- [TASK DETAILS]:
Could you retype the whole listing word for word and drop the images?

*** MATERIAL PROVIDED Section Begins ***

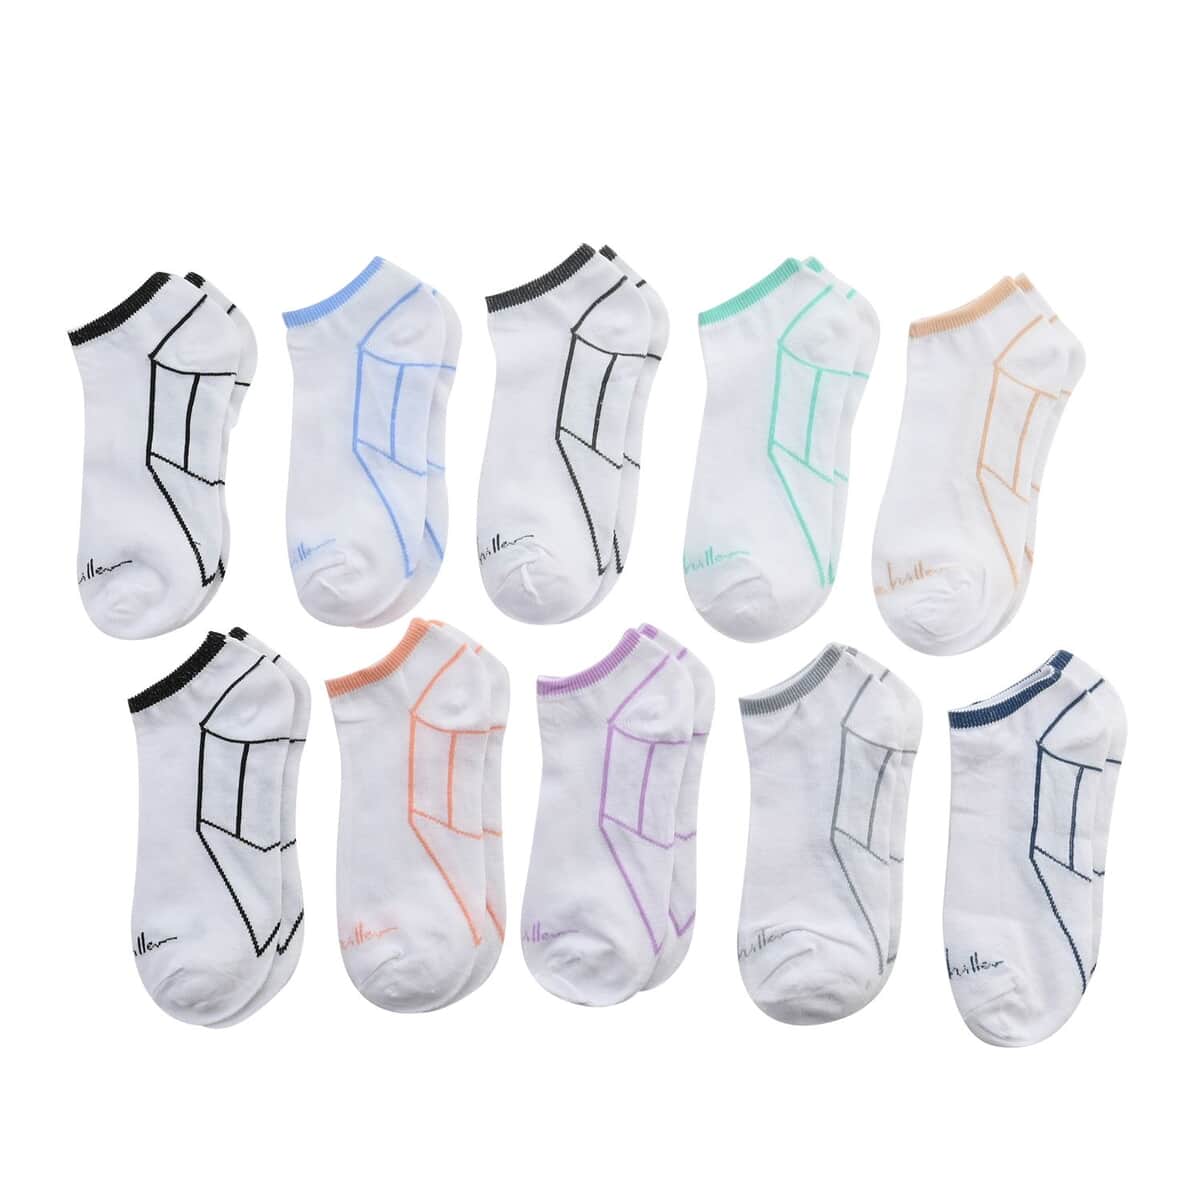 Nicole Miller 10 Pairs No Show Socks (Sizes 4-10) - White/Multi image number 0
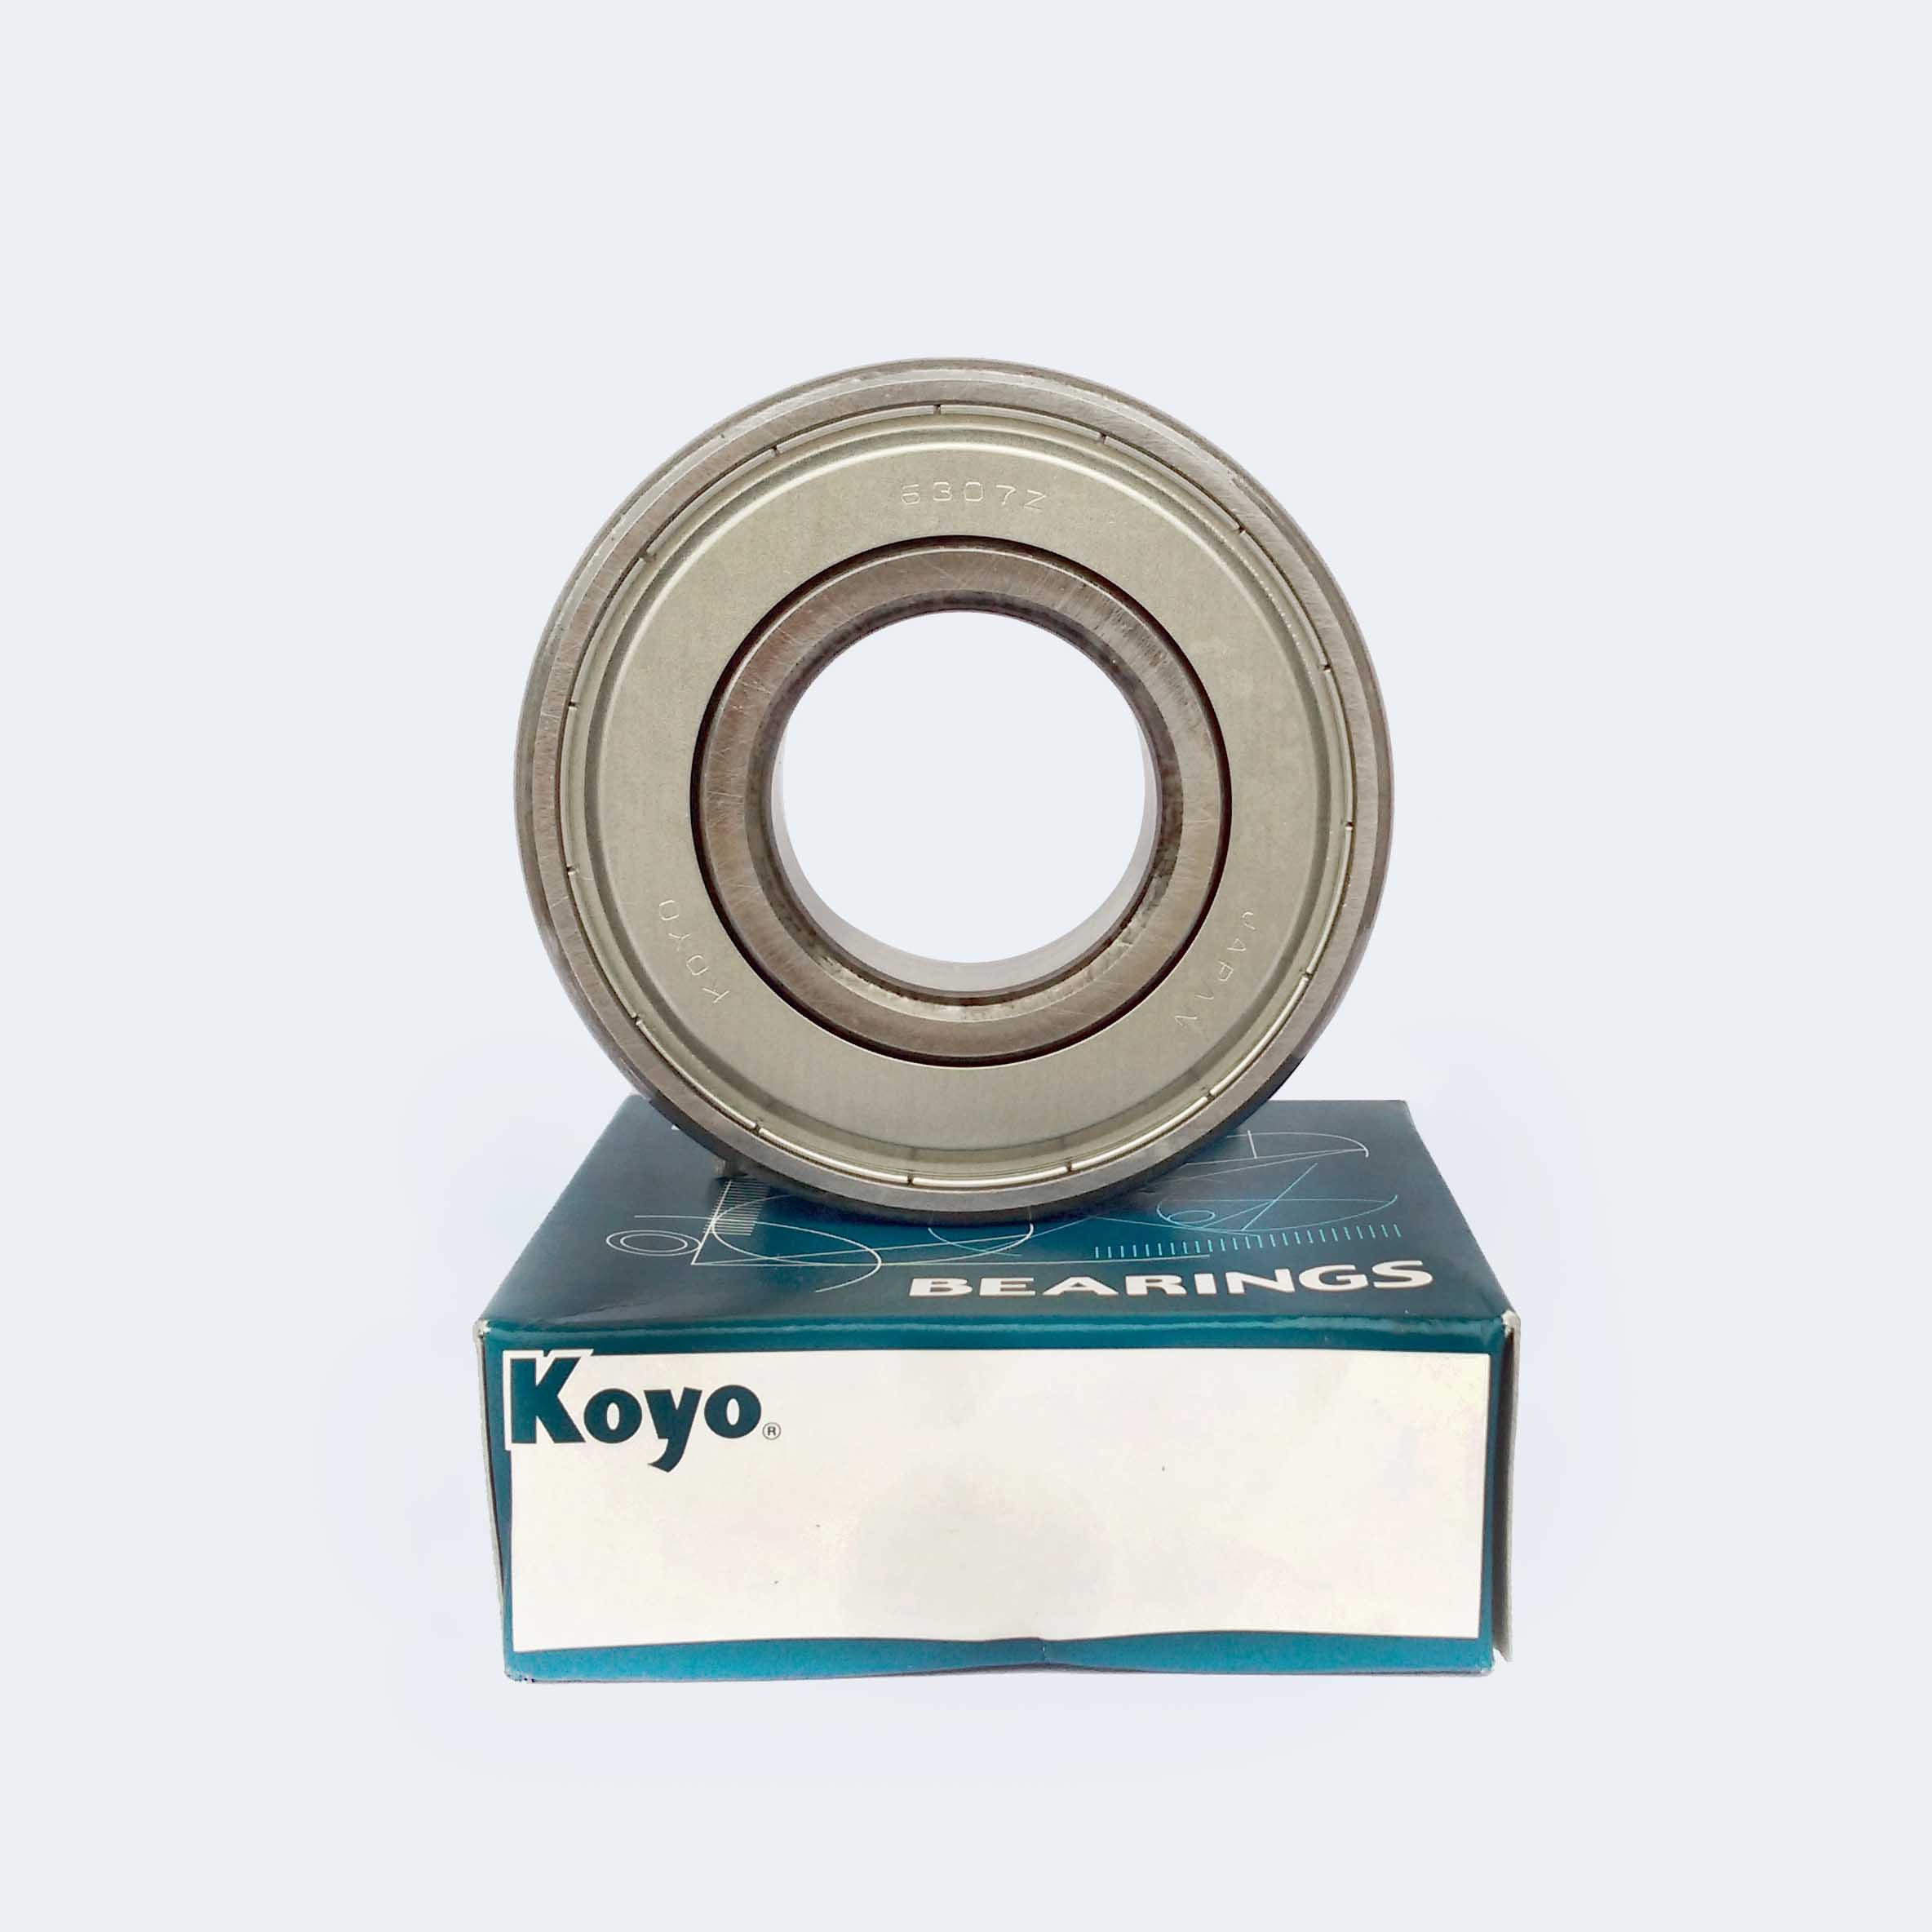 KOYO圓柱滾子軸承,NU1040型號參數,原裝進口軸承銷售
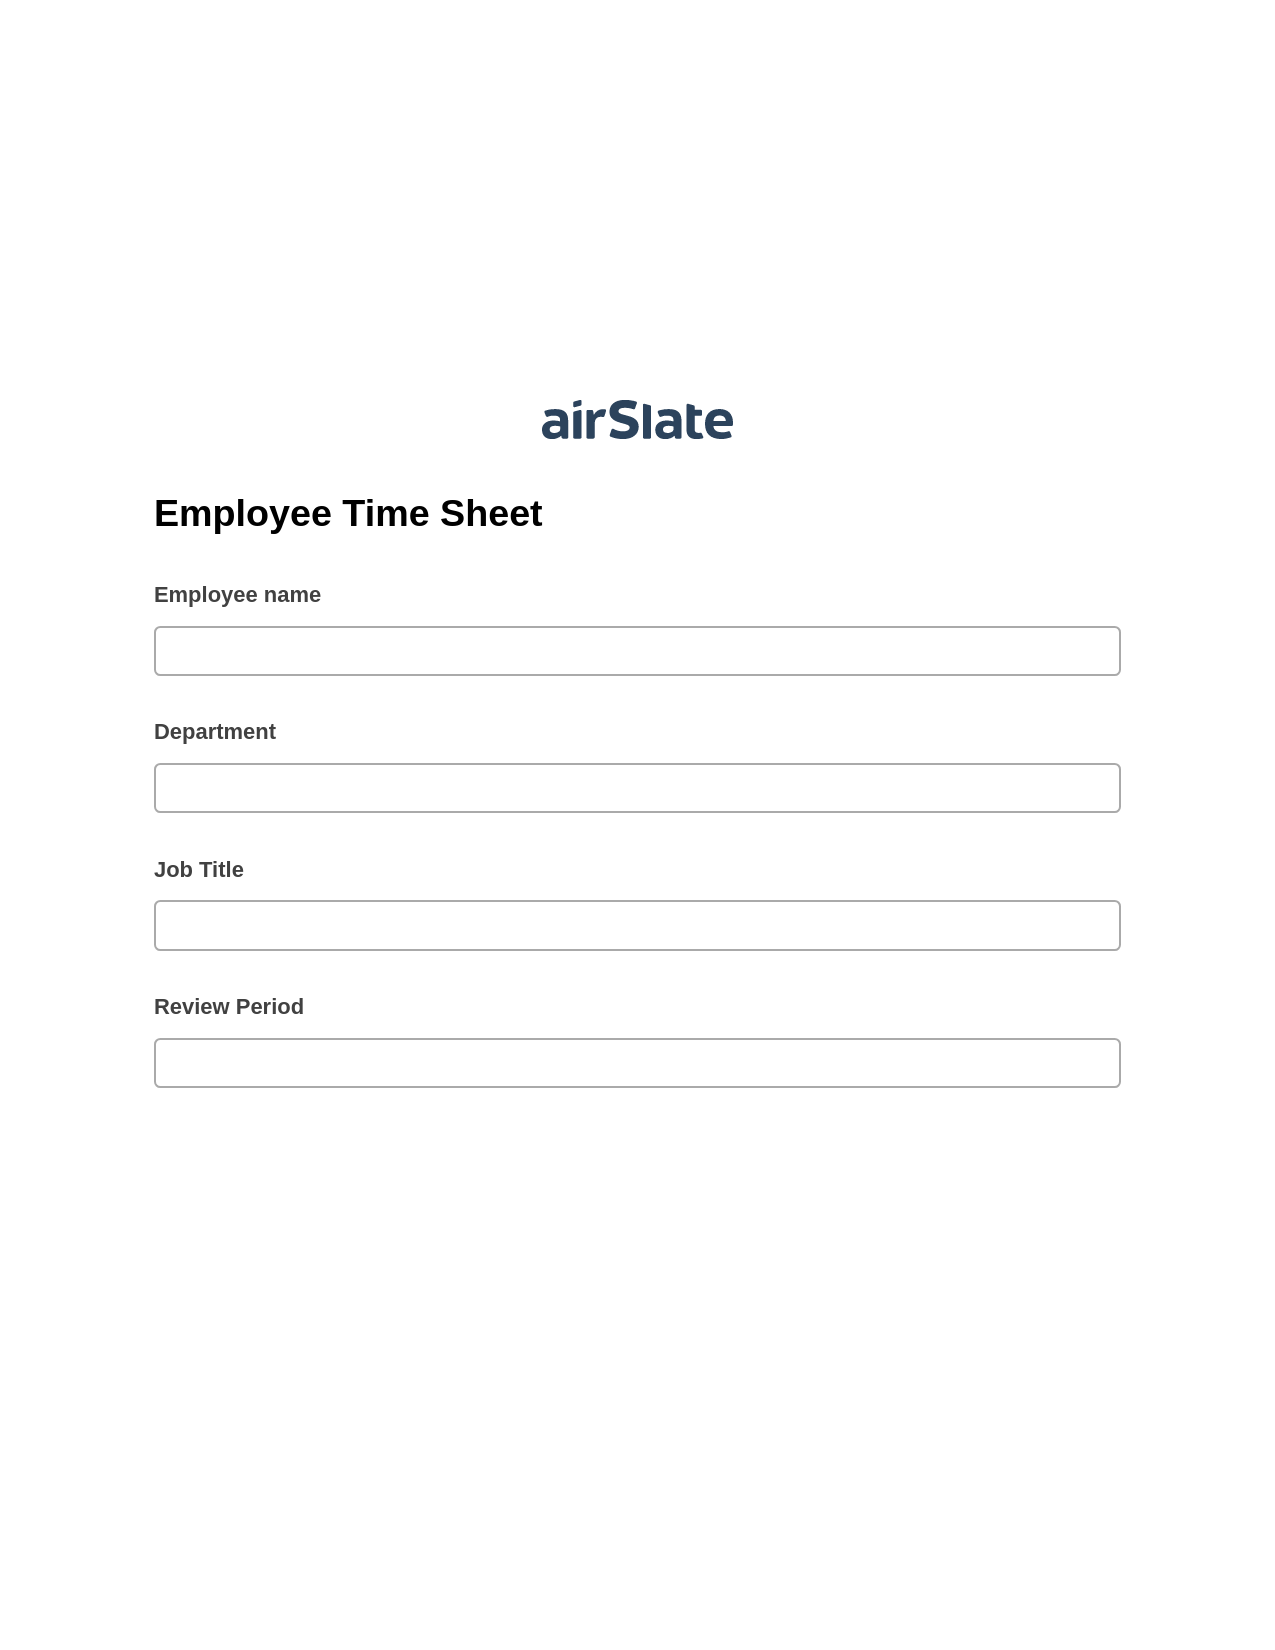 Employee Time Sheet Pre-fill from Google Sheets Bot, Slack Notification Bot, Archive to Dropbox Bot

*** MATERIAL PROVIDED Section Ends ***

- [WRITTEN ANSWER]:
 Nicole Miller 10 Pairs No Show Socks (Sizes 4-10) - White/Multi image number 0
 KOYO圓柱滾子軸承,NU1040型號參數,原裝進口軸承銷售
 Employee Time Sheet Pre-fill from Google Sheets Bot, Slack Notification Bot, Archive to Dropbox Bot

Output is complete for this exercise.